In July 2001, if you look at a typical clone-maker's advertisement for personal machines, you'll see that they range from Celeron in the 900MHz ranges up through Pentium IIIs at around 1000MHz to Pentium IVs at above 1000MHz. The rule of thumb tells us to skip the Pentium IVs, consider the Celerons, and look seriously at the Pentium IIIs.
Why? Because of the way manufacturers' price-performance curves are shaped. The top-of-line system is generally boob bait for corporate executives and other people with more money than sense. Chances are the system design is new and untried -- if you're at the wrong point in the technology cycle, the chip may even be a pre-production sample, or an early production stepping with undiscovered bugs like the infamous FDIV problem in early Pentiums. You don't need such troubles. Better to go with a chip/motherboard combination that's been out for a while and is known good. It's not like you really need the extra speed, after all.
Besides, if you buy one of these gold-plated systems, you're only going to kick yourself three months later when the price plunges by 30%. Further down the product line there's been more real competition and the manufacturer's margins are already squeezed. There's less room for prices to fall, so you won't watch your new toy lose street value so fast. Its price will still drop, but it won't plummet sickeningly.
Again, bear in mind that the cheapest processor you can buy new today is plenty fast enough for Linux. So if dropping back a speed level or two brings you in under budget, you can do it with no regrets.
Another easy economy measure is looking for repaired or reconditioned parts with a warranty. These are often as good as new, and much cheaper. (This is an especially good tactic for monitors and hard drives.)
Your monitor is one of the areas where pinching pennies is not a good idea. You're going to be looking at that monitor for hours on end. You are going to be using the screen real estate constantly. Buy the best quality, largest screen you possibly can -- it will be worth it. I personally shelled out $2000 for a 21-inch monitor back in January 1996. Though I had no regular income and this represented a significant fraction of my bank balance at the time, I never regretted doing so even once.
There is a fair amount of price variance among equivalent video cards, so shop aggressively here. We won't do this, but if you're on a budget, one easy thing to trade away is bit depth. Manufacturers like to include 24- and 32-bit "photographic" color as sizzle in their advertisements, but unless you're doing something like specialty photocomposition work or medical graphics you'll probably never use more than 65535 colors. So you can settle for 16-bit color (used to be you could settle for 8-bit, before websites started routinely stepping outside the 216-color "web-safe" palette).

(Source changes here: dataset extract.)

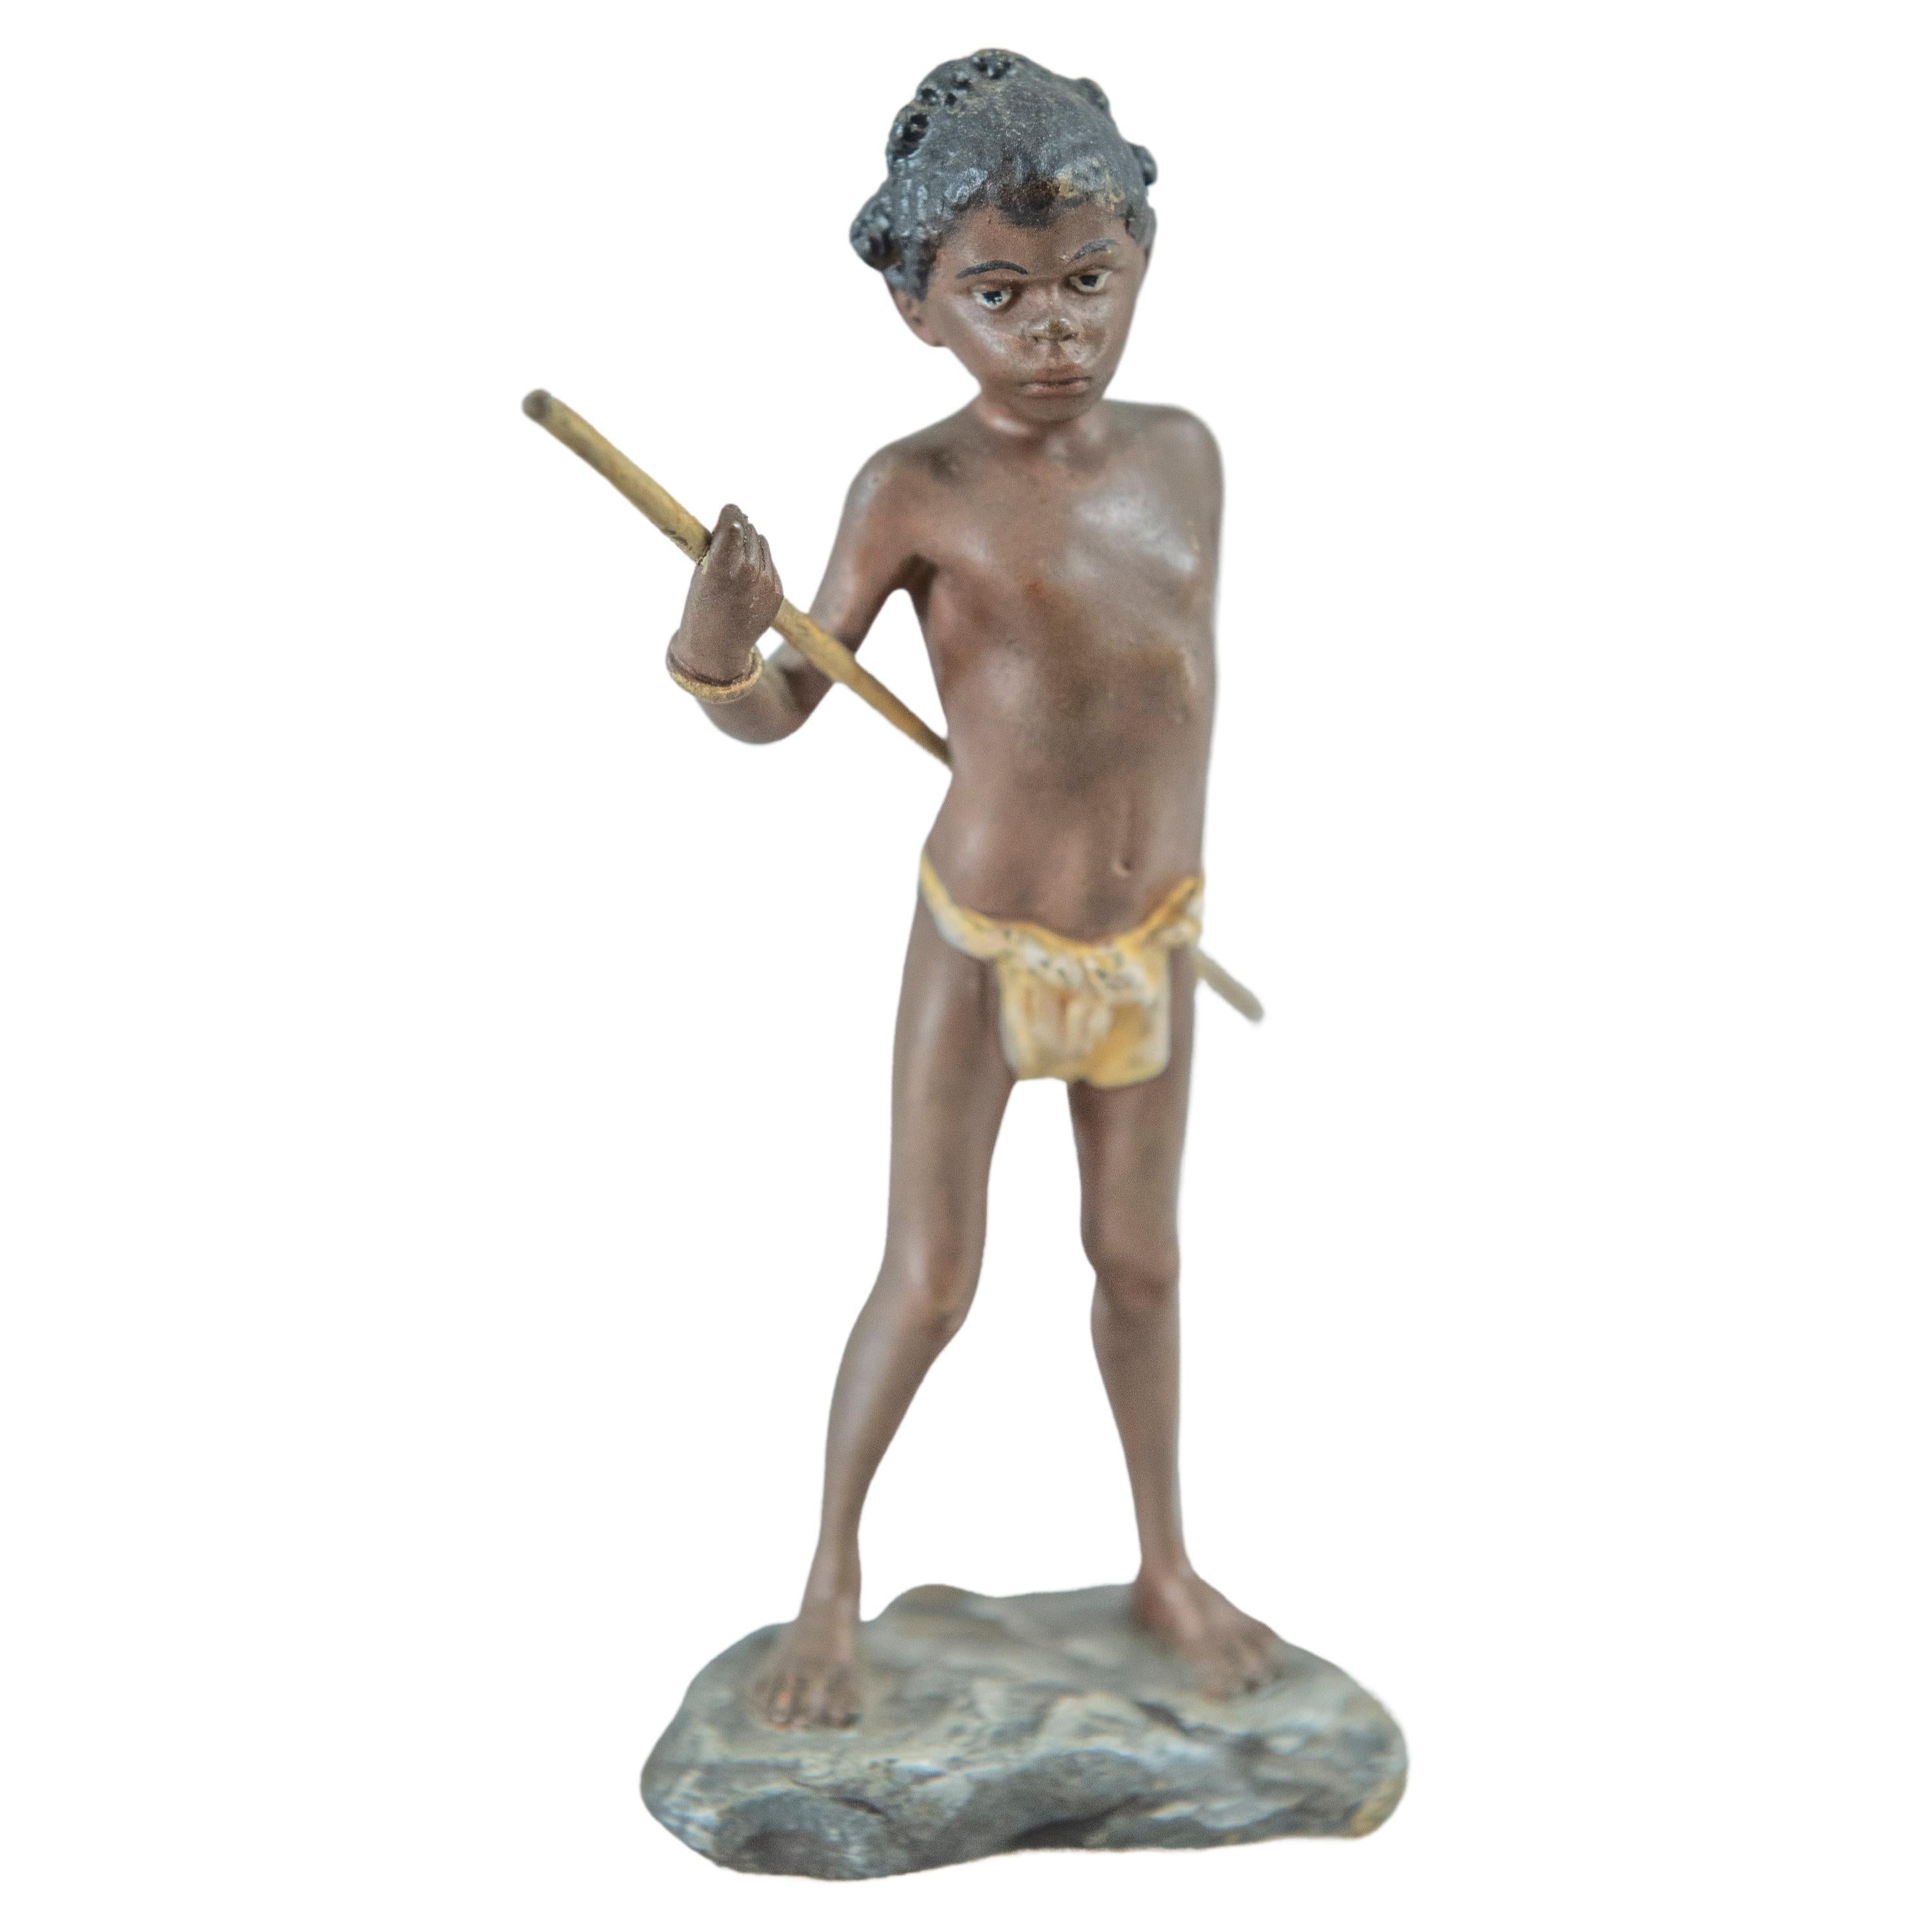 Cold Painted Vienna Bronze Young Boy, Signed Bergmann Foundry, ca. 1900

Your backup device is another place where spending extra money pays. Cheap tape drives are unreliable, noisy and have agonizingly slow transfer speeds. It's no fun to listen to what sounds like a blender dicing celery for hours on end while your disk is backed up, so with the cheap drives you'll quickly find you're backing up less often than you really should.
On the other hand, you probably don't need the latest and greatest CD-ROM device. High-speed CD-ROMS are really designed for people playing CD-ROM games or other applications involving image and sound archives. If you're doing the Linux thing, chances are you'll primarily use CD-ROMs that are code archives. Your average transfer size will be small and an apparent speed of 6x or even 4x quite satisfactory. So, if you need to, here's a place to cut costs by buying well behind the leading edge.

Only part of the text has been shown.